A solution of substance containing `1.05` g per 100 mL was found to
be isotonic with `3%` glucose solution . The molecular mass
of the substance is :

To find the molecular mass of the substance that is isotonic with a 3% glucose solution, we can follow these steps: ### Step-by-Step Solution: 1. **Understanding Isotonic Solutions**: - Two solutions are isotonic if they have the same osmotic pressure.
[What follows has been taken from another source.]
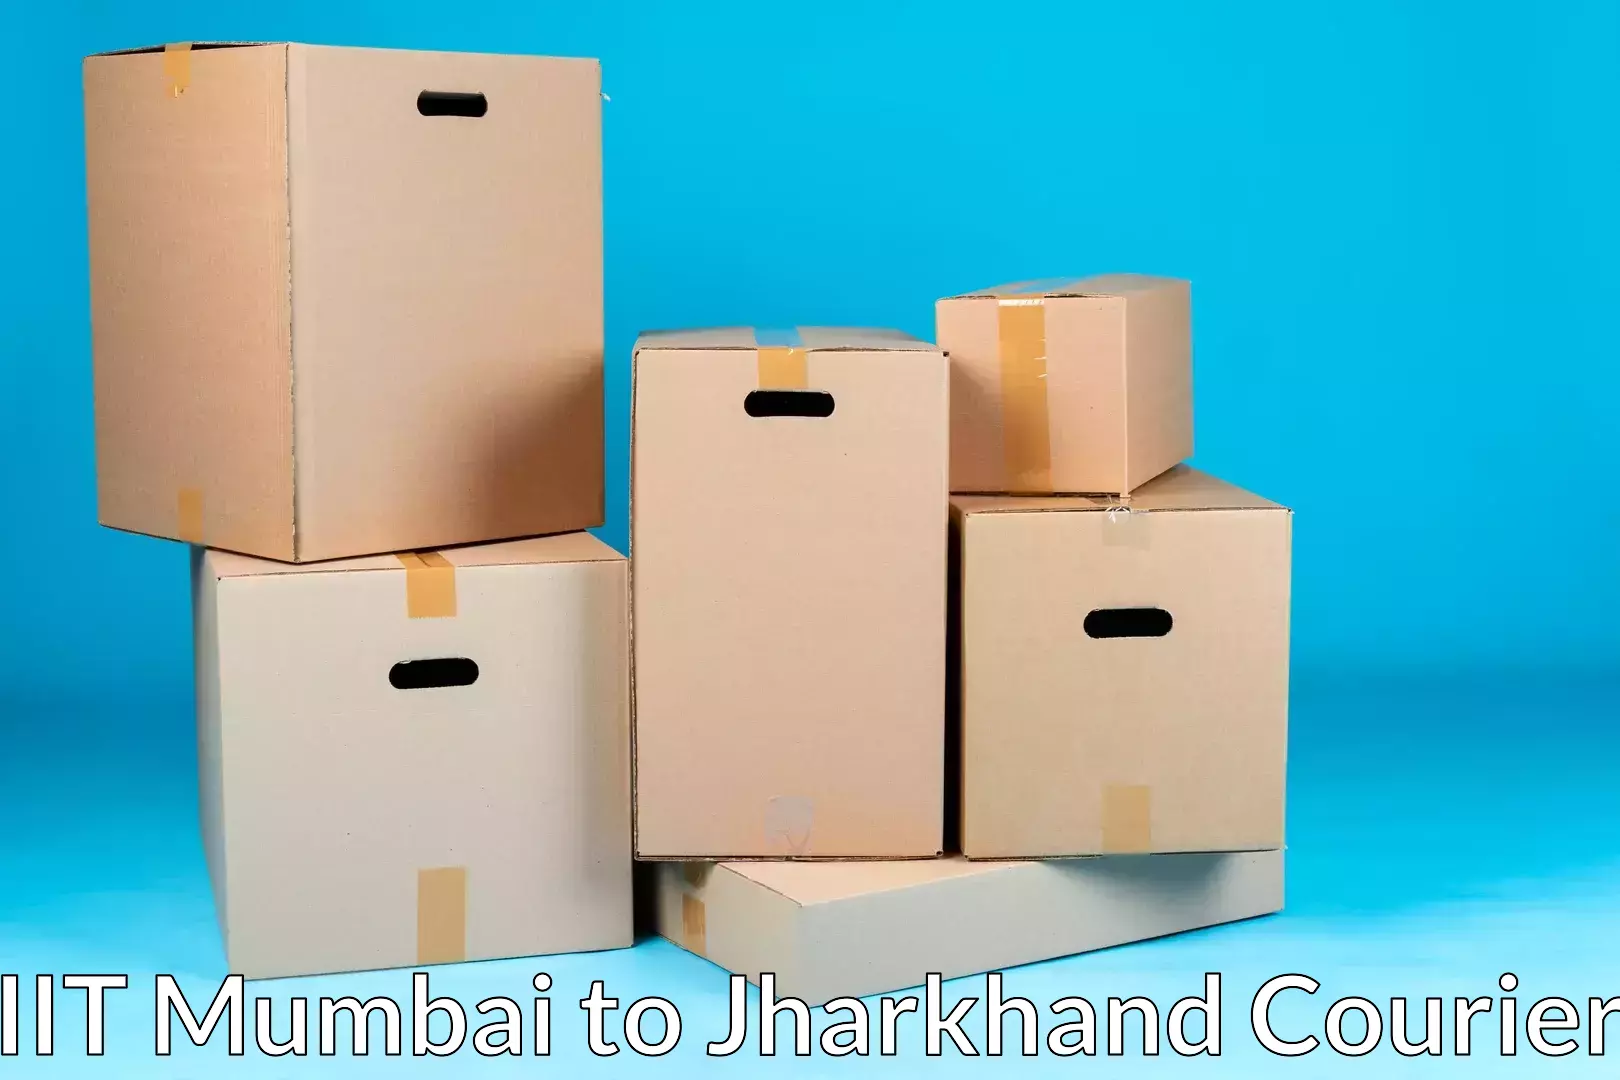 Residential moving experts in IIT Mumbai to Shikaripara

Therefore, we can set the osmotic pressures of the two solutions equal to each other. 2. **Osmotic Pressure Formula**: - The osmotic pressure (π) is given by the formula: \[ \pi = C \cdot R \cdot T \] - Where \(C\) is the concentration in moles per liter, \(R\) is the gas constant, and \(T\) is the temperature in Kelvin. Since \(R\) and \(T\) are constants for both solutions, we can simplify our equation to: \[ C_1 = C_2 \] 3. **Calculating Concentration of the Substance**: - The concentration \(C_1\) of the substance can be calculated using: \[ C_1 = \frac{W}{M \cdot V} \] - Where \(W\) is the weight of the substance, \(M\) is the molecular mass, and \(V\) is the volume in liters. - Given \(W = 1.05 \, \text{g}\) and \(V = 100 \, \text{mL} = 0.1 \, \text{L}\), we can express \(C_1\) as: \[ C_1 = \frac{1.05}{M \cdot 0.1} = \frac{10.5}{M} \, \text{mol/L} \] 4. **Calculating Concentration of the 3% Glucose Solution**: - For a 3% glucose solution, the weight of glucose in 100 mL is 3 g. The molecular mass of glucose (C6H12O6) is 180 g/mol. - The concentration \(C_2\) can be calculated as: \[ C_2 = \frac{3 \, \text{g}}{180 \, \text{g/mol} \cdot 0.1 \, \text{L}} = \frac{3}{18} = \frac{1}{6} \, \text{mol/L} \] 5. **Setting the Concentrations Equal**: - Since the solutions are isotonic, we set \(C_1 = C_2\): \[ \frac{10.5}{M} = \frac{1}{6} \] 6. **Solving for Molecular Mass (M)**: - Cross-multiplying gives: \[ 10.5 \cdot 6 = M \] \[ M = 63 \, \text{g/mol} \] ### Final Answer: The molecular mass of the substance is **63 g/mol**.